Hello everyone and welcome to this week’s financial services updater.
The first highlight this week is that the FSA has updated its web page concerning CRD IV harmonised reporting.
Articles 95 and 96 of the proposed Capital Requirements Regulation or CRR introduce a new EU-wide supervisory reporting framework for Financial Reporting (FINREP) and Common Reporting (COREP). COREP covers capital requirements and own funds reporting whereas FINREP covers financial reporting for supervisory purposes based on IAS/IFRS, as endorsed by the European Union.
On the FSA’s updated web page there is a summary of the supervisory reporting frameworks and firms are provided with guidelines and templates.
The FSA also sets out a link to new Frequently Asked Questions which cover COREP, FINREP and FSA reporting. One of the issues covered in the FAQs is whether FSA reporting will completely disappear with COREP and FINREP? The FSA’s response is that FSA data items overlapping COREP and FINREP will be deleted but some data elements within these may be retained.
The FSA also covers timing in the FAQs, when it will tell firms exactly which returns will be replaced or amended? However, unsurprisingly, the FSA states that this will only be possible once it has seen the final CRD IV text.This may be some time.As I mentioned last week it appears that the CRD IV will not be adopted by the EU institutions until autumn 2012 and on that basis it does not appear feasible that the legislation will enter into force on 1 January 2013 as originally intended.
Incidentally the European Banking Federation and others have sent a letter this week to the EU institutions calling on them to consider allowing ‘a reasonable period of time between the final CRD IV text and implementation’ in order to allow banks to put in place the necessary procedures to comply with the new rules.
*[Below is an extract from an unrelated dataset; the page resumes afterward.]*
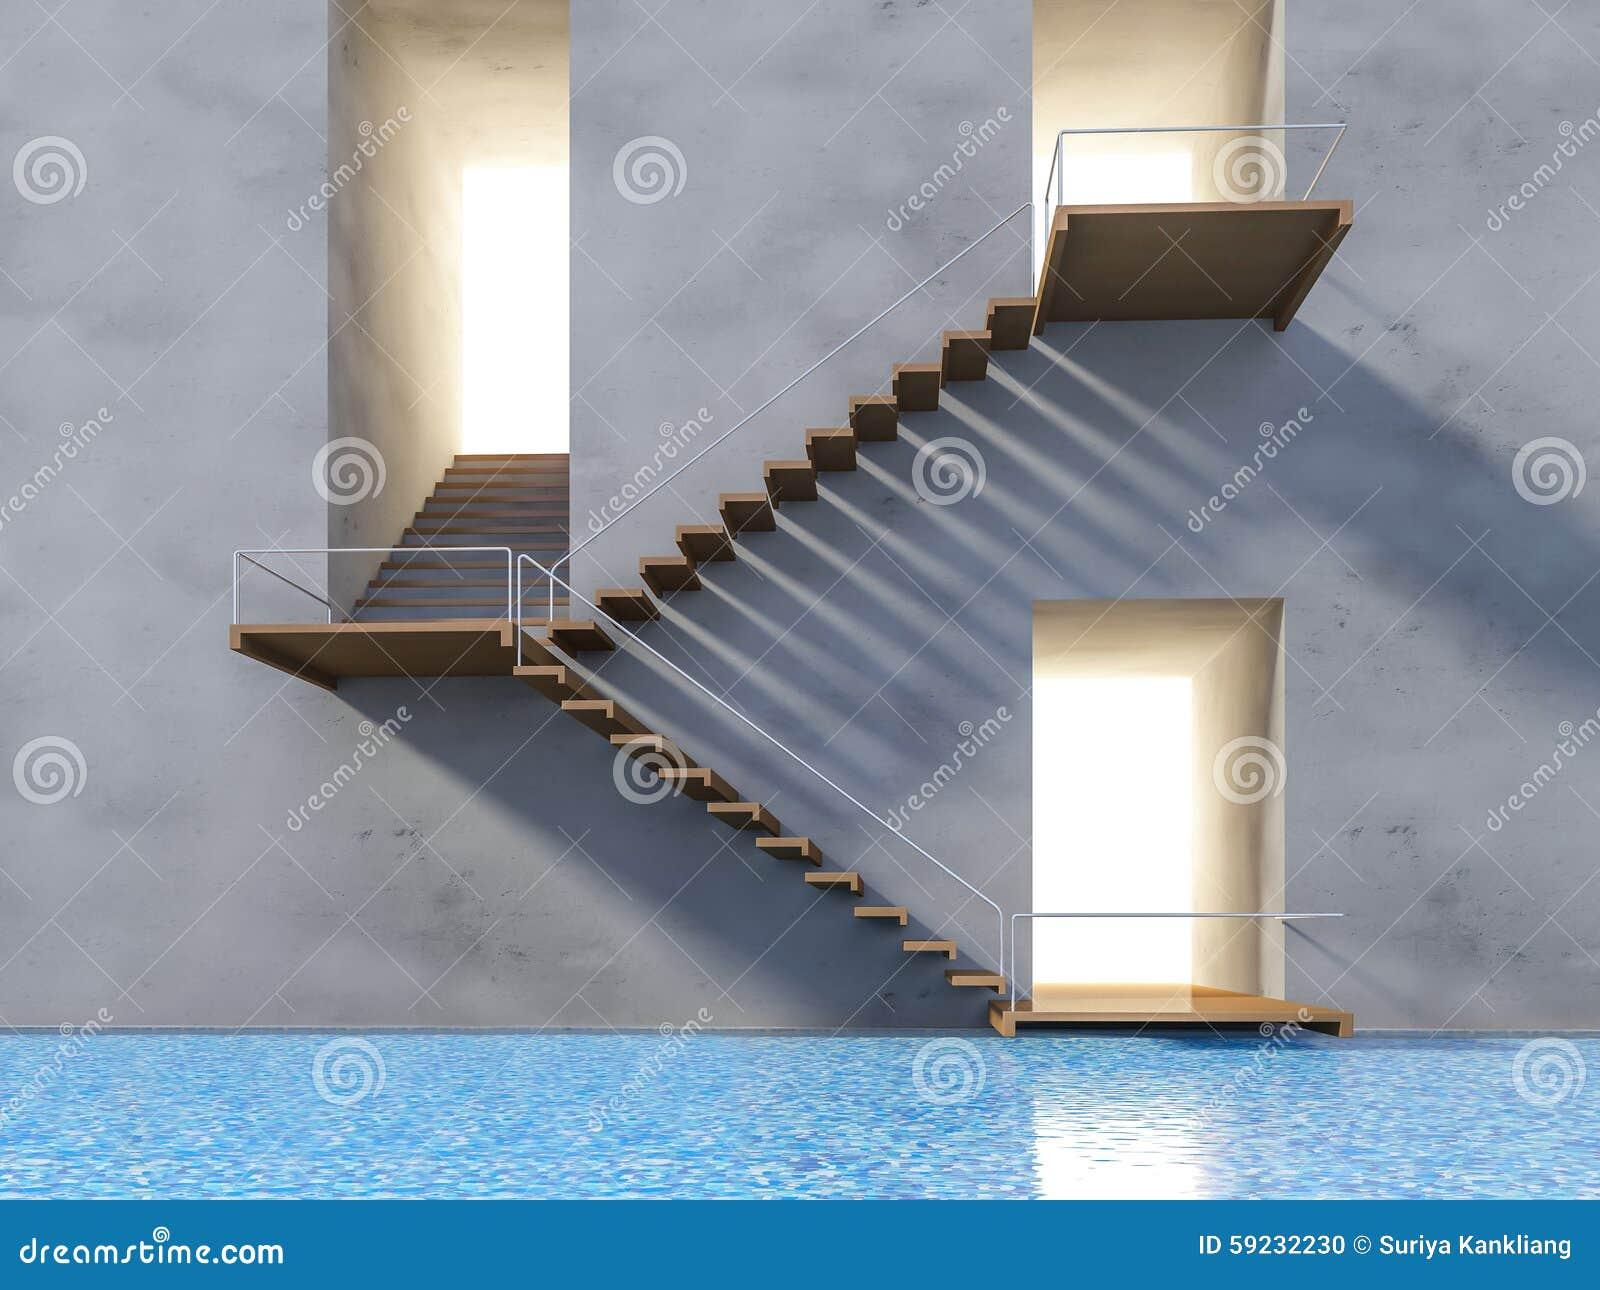 Download Escalera de madera 3ds stock de ilustración. Ilustración de blanco - 59232230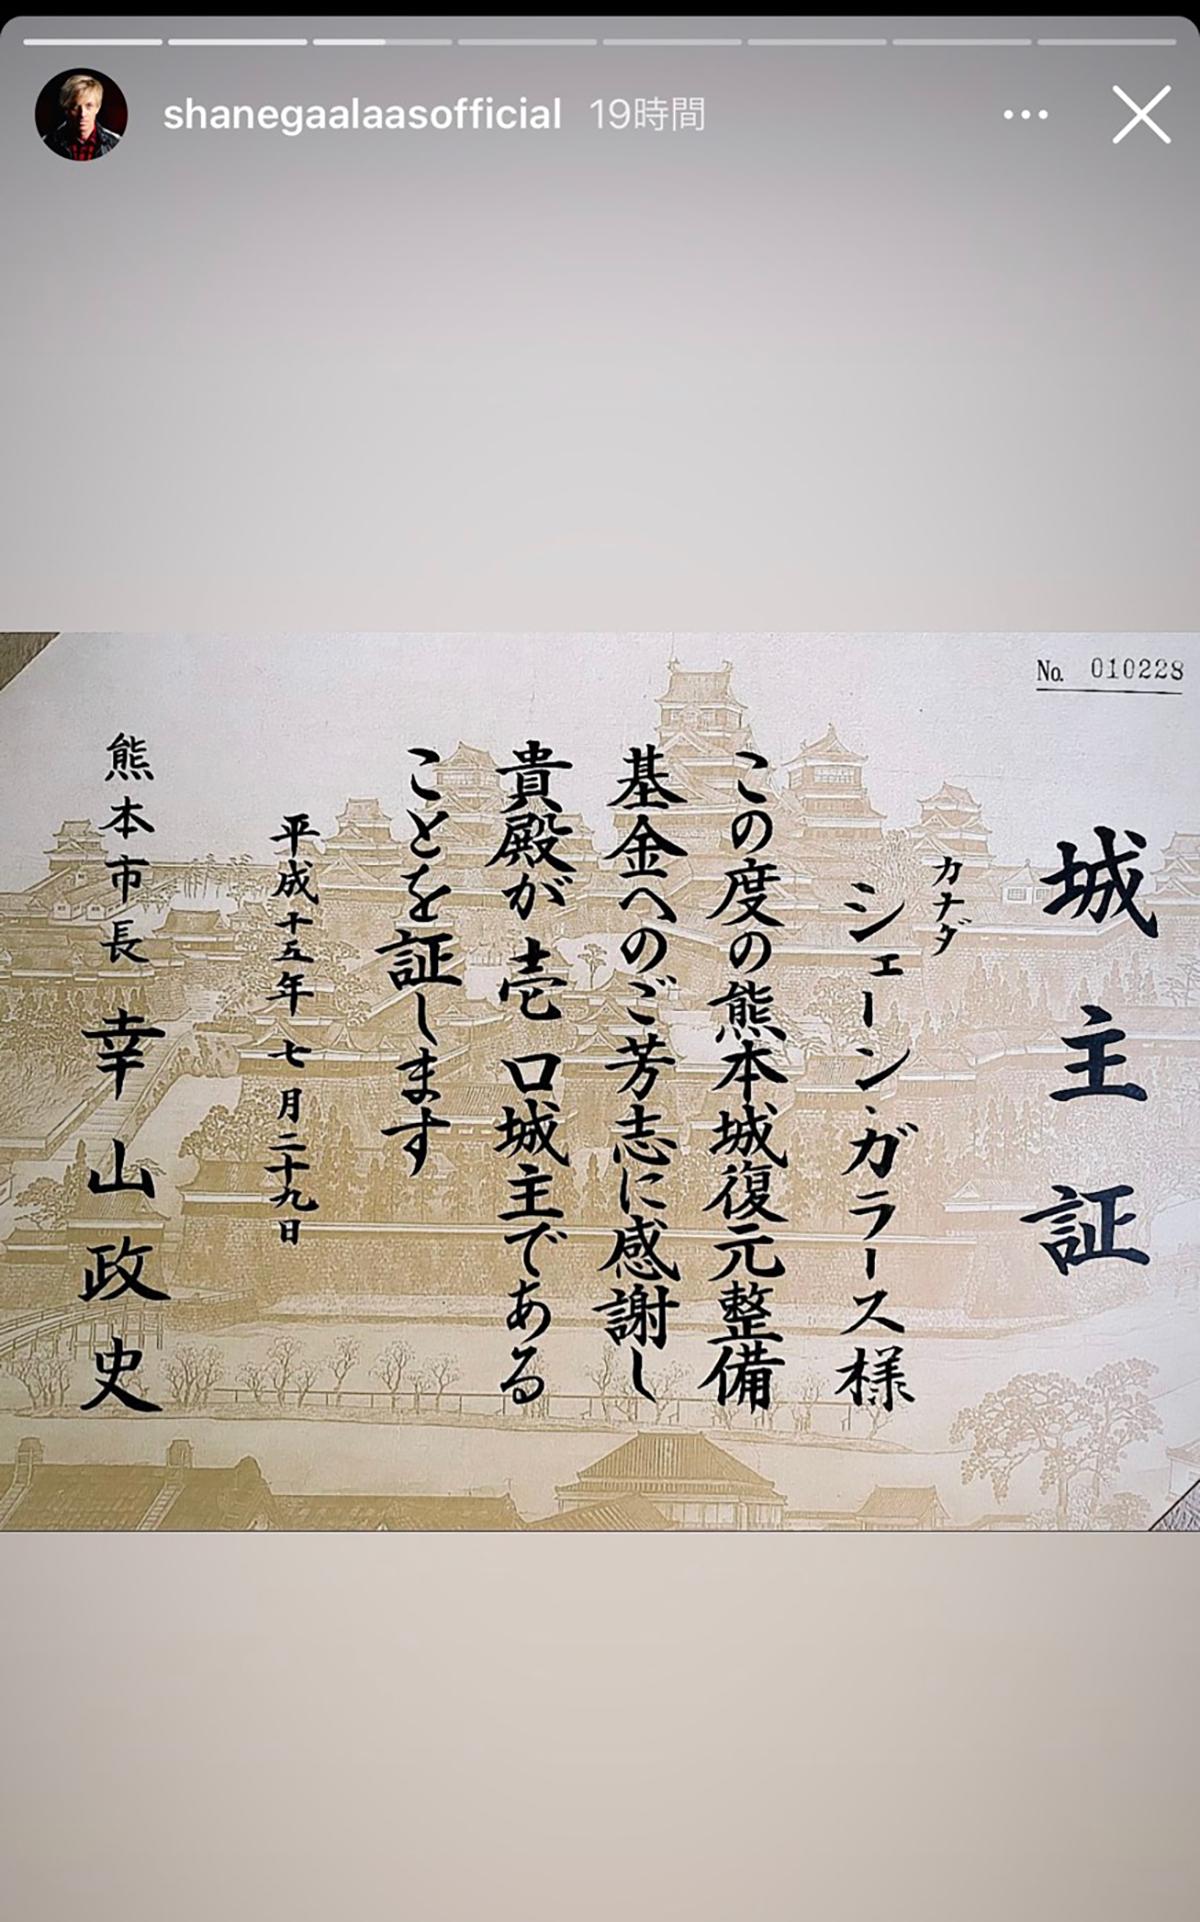 B'z元サポートドラマー・シェーン・ガラースの熊本城「一口城主」証の写真

The second highlight this week is that the European Securities and Markets Authority (ESMA) has published an update on MiFID waivers from pre-trade transparency.
You may remember that under MiFID operators of Regulated Markets and Multilateral Trading Facilities (MTFs) must make public the current bid and offer prices and the depth of trading interests in respect of shares admitted to trading on a regulated market unless exemptions apply. However, MiFID allows national regulators to waive the obligation for operators of Regulated Markets and MTFs regarding pre-trade transparency requirements for shares based on the market model or the type and size of orders.
Articles 18 and 20 of the MiFID Implementing Regulation allow national regulators to grant 4 types of waiver. These waivers apply to reference price systems, negotiated trade systems, order management facilities and large-in-scale transactions.
The purpose of ESMA’s waiver document is to ensure that when granting waivers national regulators are acting along similar lines in accordance with ESMA’s opinion. The updated parts of ESMA’s waiver document are set out in red and relate to the waiver applying to order management facilities.
Two new examples have been added. Firstly, “Trailing Stop Orders”. These are stop orders with an additional feature - an absolute or percentage distance between the stop limit and the current reference price is entered. The stop limit adjusts automatically to the development of the reference price. Secondly, “One-cancels-others” orders which operate by the simultaneous placement of a stop order and a limit order within one order.
I hope you find this week’s updater helpful. Good bye.